The worldwide battle to control greenhouse gas emissions to fight climate change is the best thing that’s happened for growth in the nuclear energy industry in decades, its proponents say.
They add that the development of smaller, scalable nuclear reactors to churn out reliable, emissions-free energy at a much lower than traditional cost makes nuclear an option that’s become impossible to ignore.
“Thirty years ago, the vision was that nuclear energy is going to be so cheap that we’ll be giving electricity away for free,” said Robby Sohi, president and CEO of Global First Power Ltd., a company trying to build Canada’s first small modular reactor or SMR.
That early potential was short lived, though, as project costs escalated and Canada ran out of regions with enough power demand to justify a big expensive nuclear reactor.

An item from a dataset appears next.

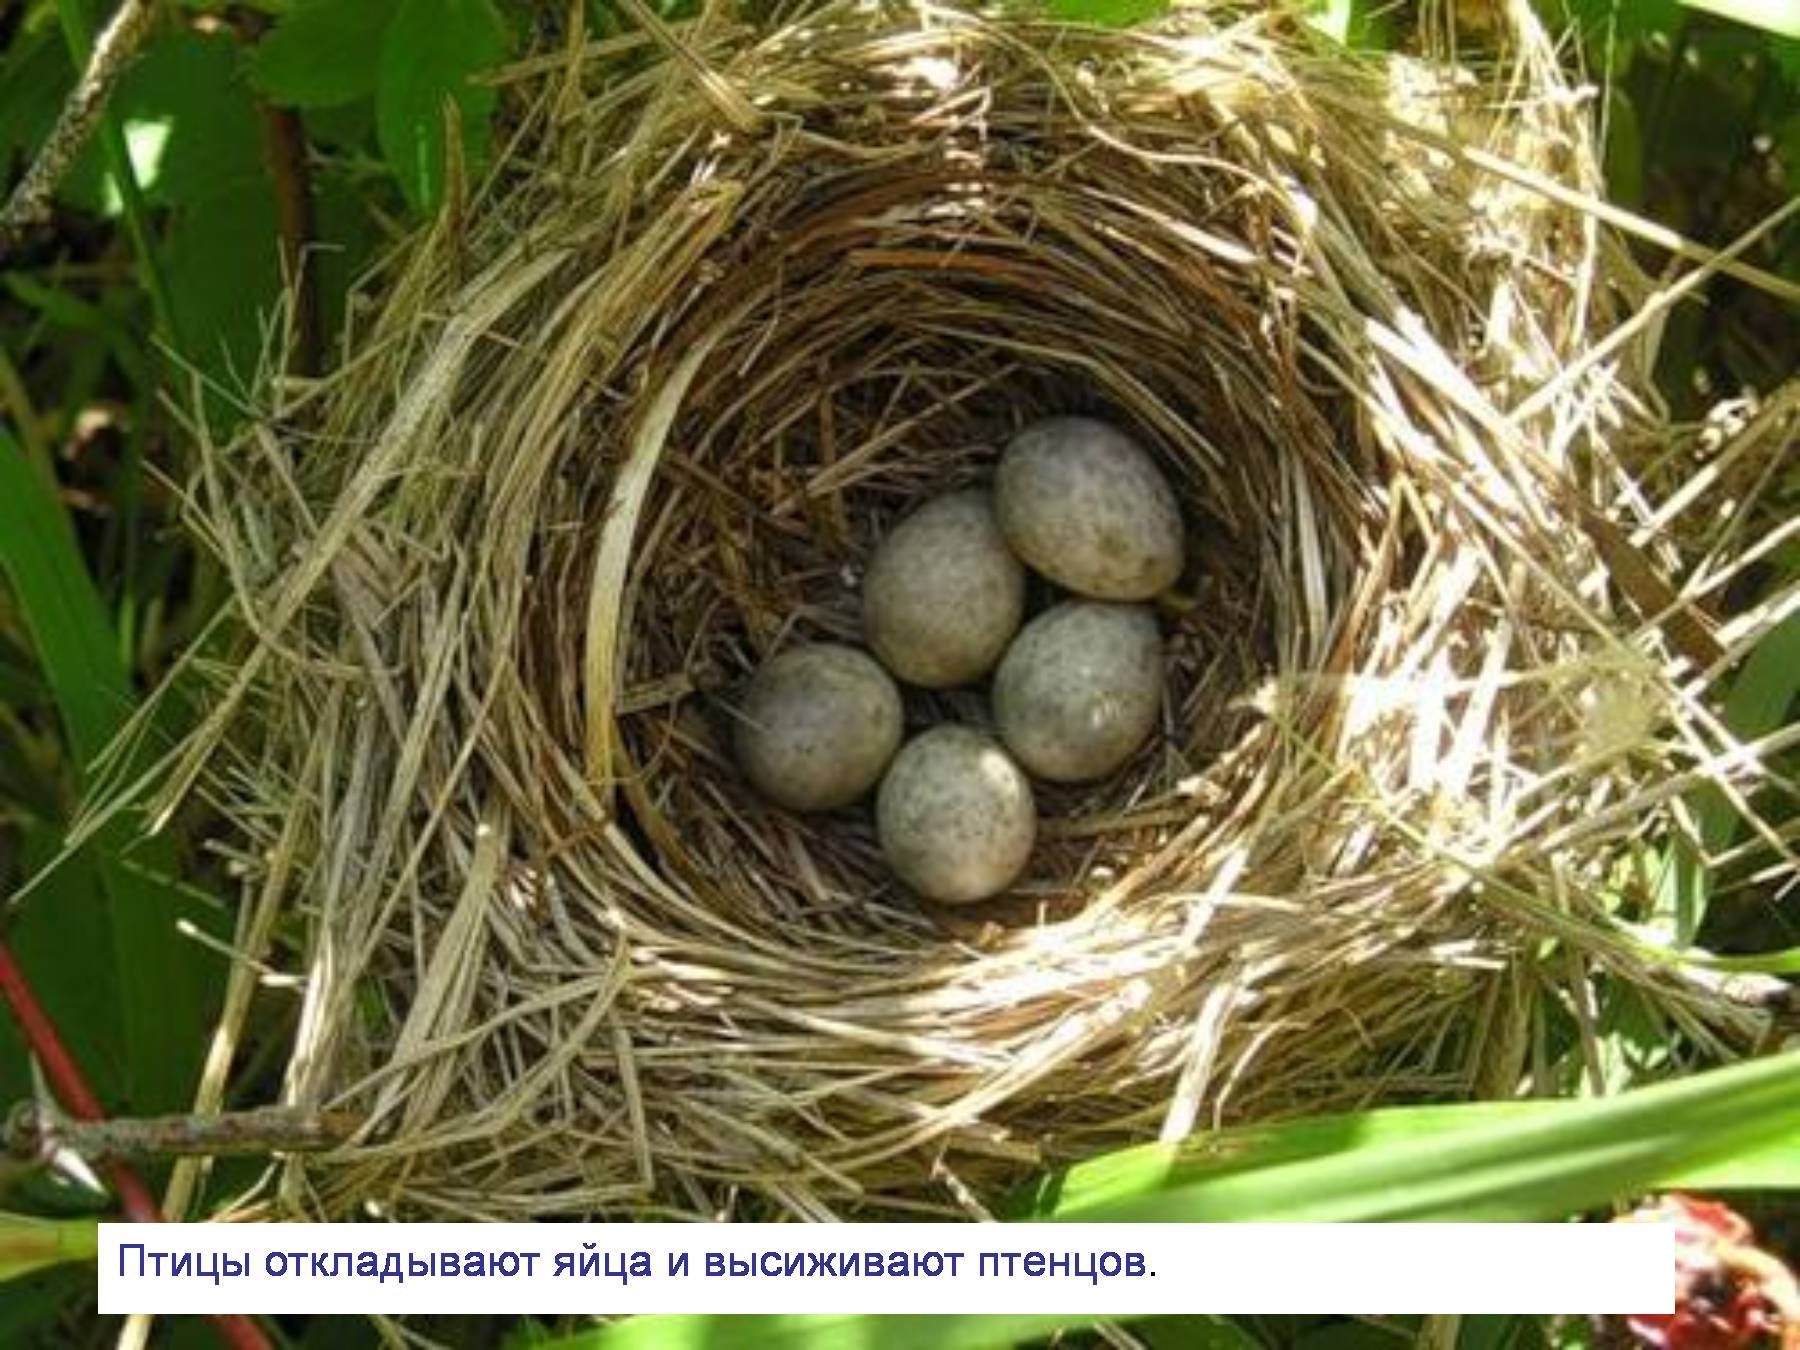 Песня птички яички. Птицы высиживают птенцов. Гнезда лесных птиц. Яйца птиц. Птичьи яйца в гнезде.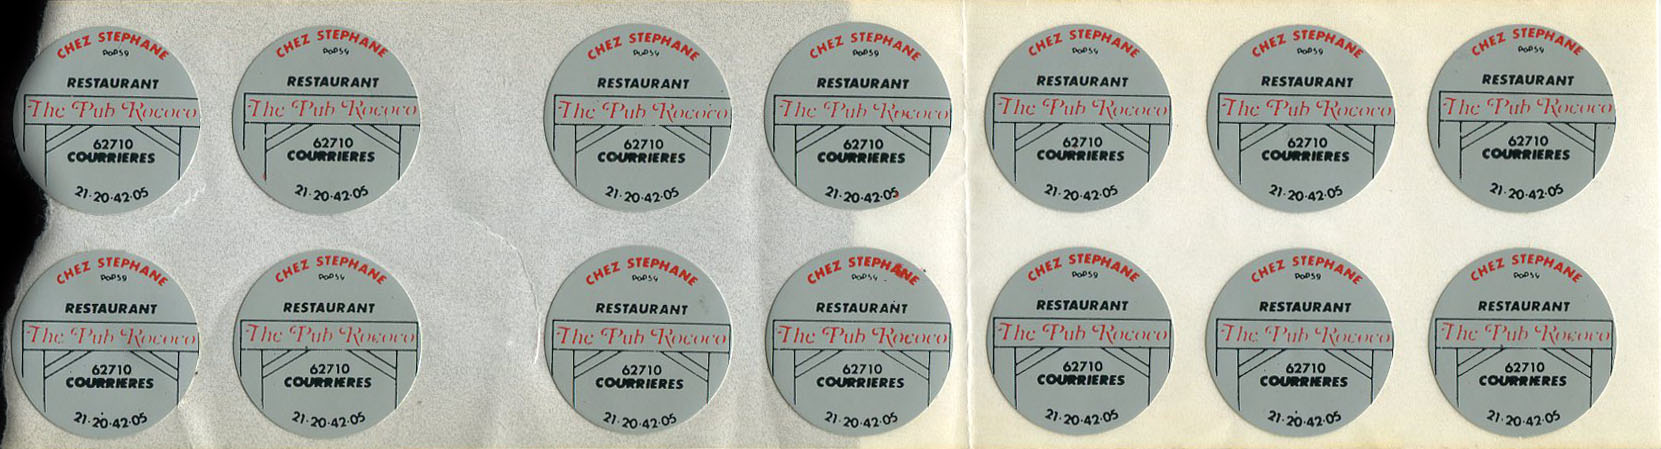 Fragment de feuille d'impression portant 14 autocollants Chez Stéphane - Restaurant - The Pub Rococo - 62710 Courrières - 21.20.42.05

“The biggest change is it is going to be just about impossible — I don’t see how — you can ever meet a 2050 (net-zero) target without nuclear in the mix,” said Sohi.
A recent study from the Canadian Nuclear Association found that the use of SMRs would allow heavy industries in Canada to reduce their GHG emissions by 216 megatonnes over 15 years from 2035 to 2050.
Using a model based on deploying 60 to 190 SMRs generating between 100 and 300 megawatts each for a total output of about 19,000 MW by 2050, it found GHG emissions would decline by 14 megatonnes per year on average, equal to taking over three million cars off the road per year.
Association CEO John Gorman pointed out Canada has had safe nuclear power for more than 50 years and nuclear currently supplies about 15 per cent of the nation’s electricity.
“The domestic market for these small modular reactors is about $5.3 billion between now and 2040 and the world market is going to be between $150 billion and $300 billion a year in that same time frame,” he said, touting rich export possibilities.